Proposition. Every finite extensive form game is associated with a unique strategic form representation.

I think this proposition is true. But how do we prove it rigorously?

  • $\begingroup$ This naturally depends on the definition of an extensive form you use. $\endgroup$ Dec 15, 2014 at 0:42
  • $\begingroup$ And on what you mean by "is associated with". $\endgroup$ Jan 28, 2015 at 4:24

1 Answer 1


I rely on the definitions from Chapter 2 of the Handbook of Game Theory, Volume 1, by Sergiu Hart.

If I understand you correctly, the proposition can be re-written as

Proposition.

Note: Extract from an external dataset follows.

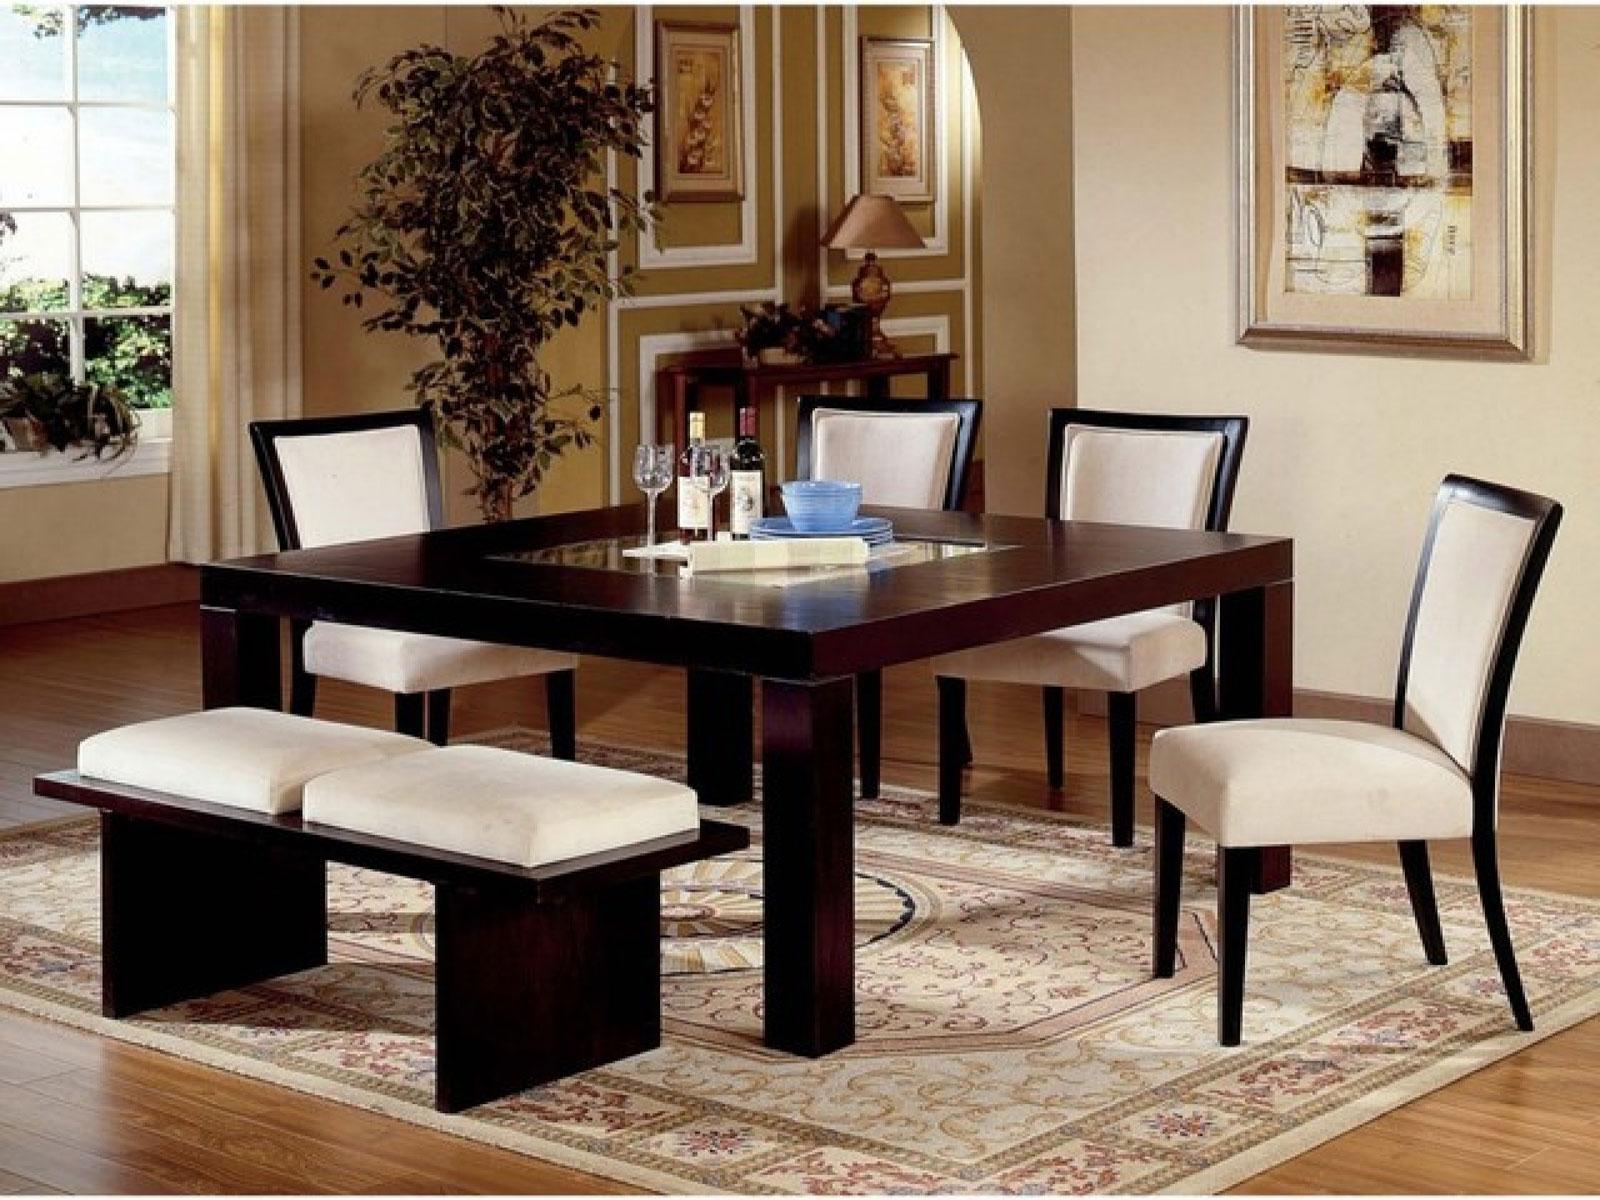 Contemporary Dining Applying Captivating Contemporary Dining Room Sets Applying White And Black Furniture Color Of Chairs Also Bench And Table On Rug And Furnished With Beverages Dining Room The Design Contemporary Dining Room Sets

For, every finite extensive form game $\Gamma^E$, there exists a single strategic form representation $\Gamma^N =[I^N,\{S^N_i\},\{u^N_i(\cdot)\}]$ (up to relabeling of the agents) such that

  1. $I^N = I^E$,

and for all $i\in I^N = I^E$,

  1. $S^N_i = \{$ pure strategies of $i$ in $\Gamma^E$ $\}$ ,

  2. and $u^N_i(s) = u^E_i(c(s))$, where $c(s) $ associates every profile of pure strategy in $\Gamma^E$ with a terminal node of $\Gamma^E$ resulting from the pure strategy profile $s$.

I think 1. and 2. are obvious. There only remains to show 3, which is equivalent to proving that $c(s)$ is a function, i.e. every profile of pure strategies is associated with one and only one terminal node in $\Gamma^E$. This follows directly from the fact that the pure strategy of some player $i$ is a function selecting one and only one possible action from every information set.

  • Start from the root node, $r_0$.
  • By definition of a game in extensive form, the nodes are partitioned between the agents.
  • Thus $r_0$ belongs to some agent $i_0$.
  • By definition of the game in extensive form, the nodes of $i_0$ are partitioned into information sets.
  • Thus $r_0$ belongs to some information set of $i_0$, say $H_i^0$.
  • By definition of the pure strategy $s$, for any node in $H_i^0$, $i_0$ always choses a single successor, among the possible successors at $H_i^0$.
  • Let this successor be $r_1$.
  • Then $r_1$ must be the successor of $r_0$, and the next node on the path.

  • Now consider $r_1$.

  • By definition of agame in extensive form, the nodes are partitioned between the agents.
  • Thus $r_1$ belong to some agent $i_1$ (where $i_1 = i_0$ is allowed).
  • $\vdots$
  • Repeating the argument as many time as needed, because the game is finite, we necessarily reach a single terminal node $r_* = c(s)$.